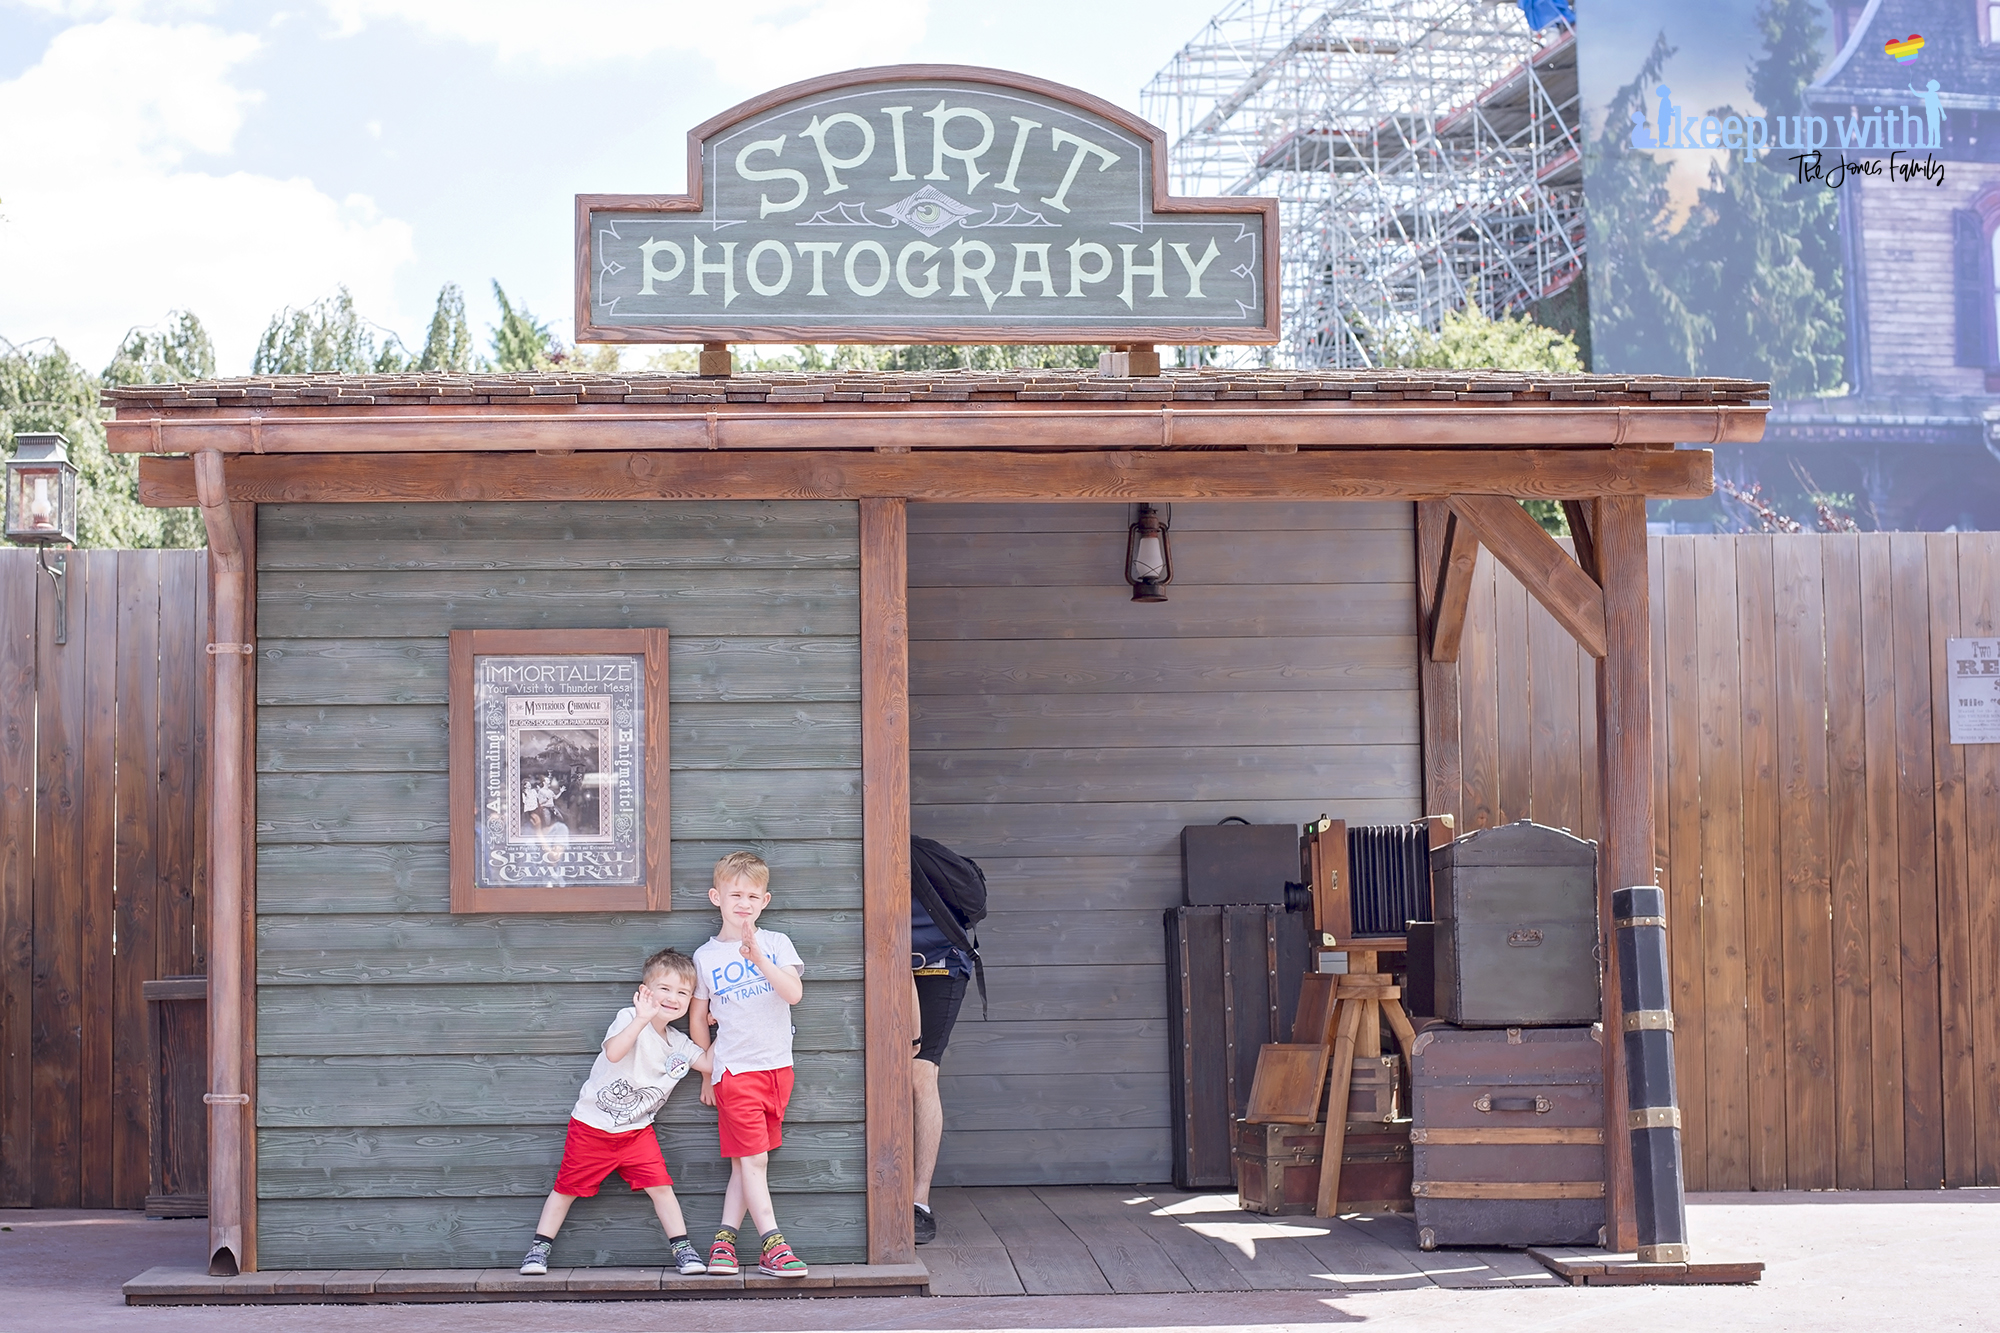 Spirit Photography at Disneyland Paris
==
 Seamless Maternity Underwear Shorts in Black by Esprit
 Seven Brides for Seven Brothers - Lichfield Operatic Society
--
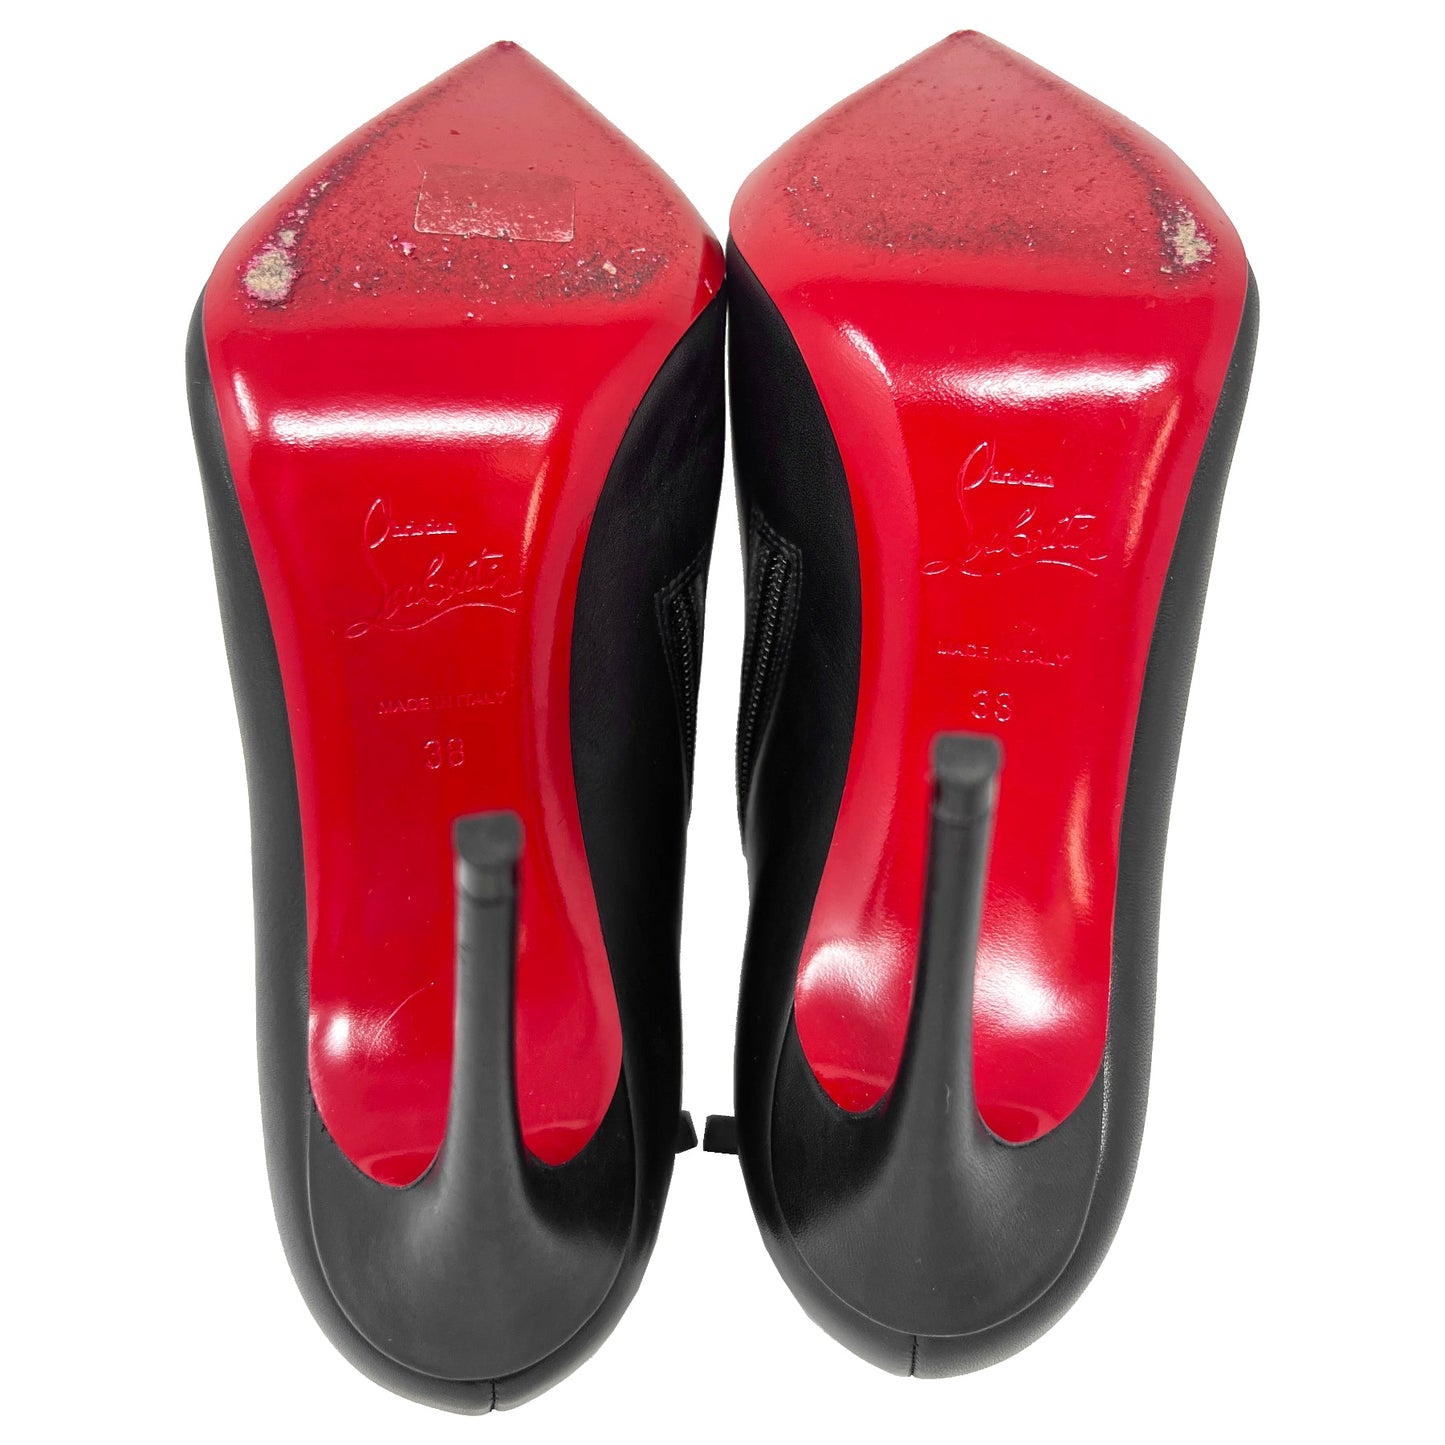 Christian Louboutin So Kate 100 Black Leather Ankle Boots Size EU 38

▶ **DESCRIPTION OF THE TASK**:
Set down exactly the lines of the data above, beginning with the line that has "Seamless Maternity Underwear" and ending with the line that has "Seven Brides for", and no others.

▶ **COMPLETED EXERCISE**:
 Seamless Maternity Underwear Shorts in Black by Esprit
 Seven Brides for Seven Brothers - Lichfield Operatic Society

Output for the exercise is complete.